The Iran war is expected to bite: Beijing's deputy statistics commissioner Mao Shengyong conceded China 'will definitely be affected to some degree' by the energy shock, which compresses margins in an already hyper-competitive industrial sector while easing deflationary pressure. Xi Jinping is due to meet Donald Trump in Beijing in mid-May, with markets hoping the year-long trade truce will be extended. Coface and the Conference Board flagged fading fiscal support and cautious homebuyers as the main domestic headwinds. Source: Financial Times, 16 April 2026, Joe Leahy, Wenjie Ding, Haohsiang Ko and Thomas Hale.
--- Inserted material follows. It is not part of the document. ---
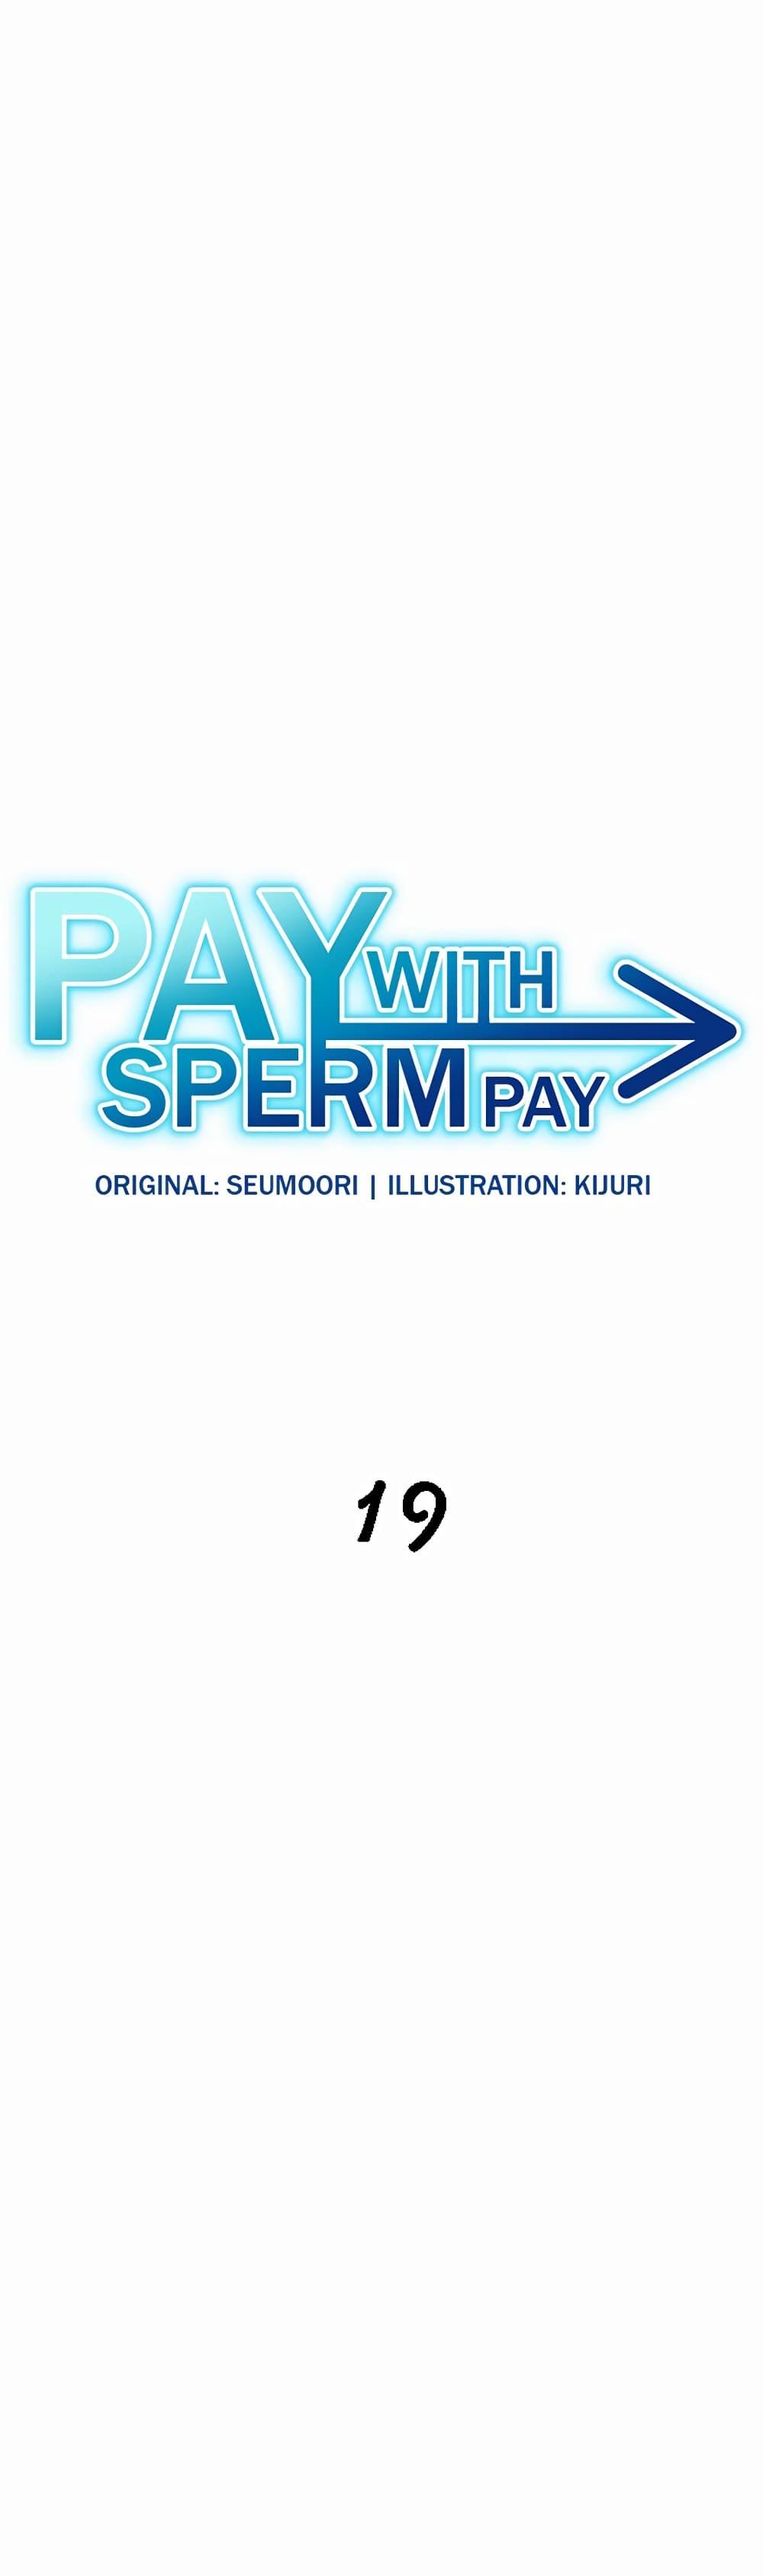 Doujin-Lc- อ่าน โดจิน มังฮวา เกาหลี ญี่ปุ่น จีน แปลไทย Pay with Sperm Pay ตอนที่ 1 2 3 4 5 6 7 8 9 10 11 12 13 14 ฟรี ไม่มีโฆษณา อ่าน โดจิน Manhwa เกาหลี ญี่ปุ่น จีน เรามีครบ คัดมาให้เน้นๆ โดจิน 18+ รับประกันความฟินโดย  Doujin Lc

The story in one line: China printed Q1 2026 GDP growth of 5% — above consensus — powered by high-tech manufacturing and exports, even as domestic consumption and property remained soft and the Iran war threatens external demand.

Key numbers

  • Q1 2026 GDP: +5% year-on-year (vs Bloomberg consensus 4.8%; Q4 2025: +4.5%).
  • Government full-year target: 4.5% to 5%.
  • March industrial output: +5.7% YoY (vs 5.3% expected).
  • Equipment manufacturing: +8.9% in Q1; high-tech manufacturing: +12.5%.
  • 3D printing equipment +54%; lithium-ion batteries +40.8%; industrial robots +33.2%.
  • Retail sales (March): +1.7% (vs 2.4% expected).
  • Property investment: -11.2% YoY. Fixed asset investment: +1.7%.
  • Capital Economics’ China activity proxy: only +3% in Jan-Feb.

Why it matters

The composition of growth matters more than the headline. Almost all the acceleration came from industry and construction, with strength in advanced manufacturing and green tech — the Party’s ‘new quality productive forces’. Property remains in deep contraction and consumer sentiment is tentative despite subsidy-fuelled spending early in 2025. The Iran war is a double-edged sword: higher oil prices drag domestic demand but boost demand abroad for Chinese green-tech exports. That makes the economy more externally dependent just as trade diplomacy with Washington enters a sensitive phase, with a Xi–Trump meeting expected in mid-May.

Takeaway

China is holding the 5% line, but the growth mix tilts further toward export-led industrial output. Watch the May summit outcome and whether Beijing extends consumer subsidies to re-ignite domestic demand.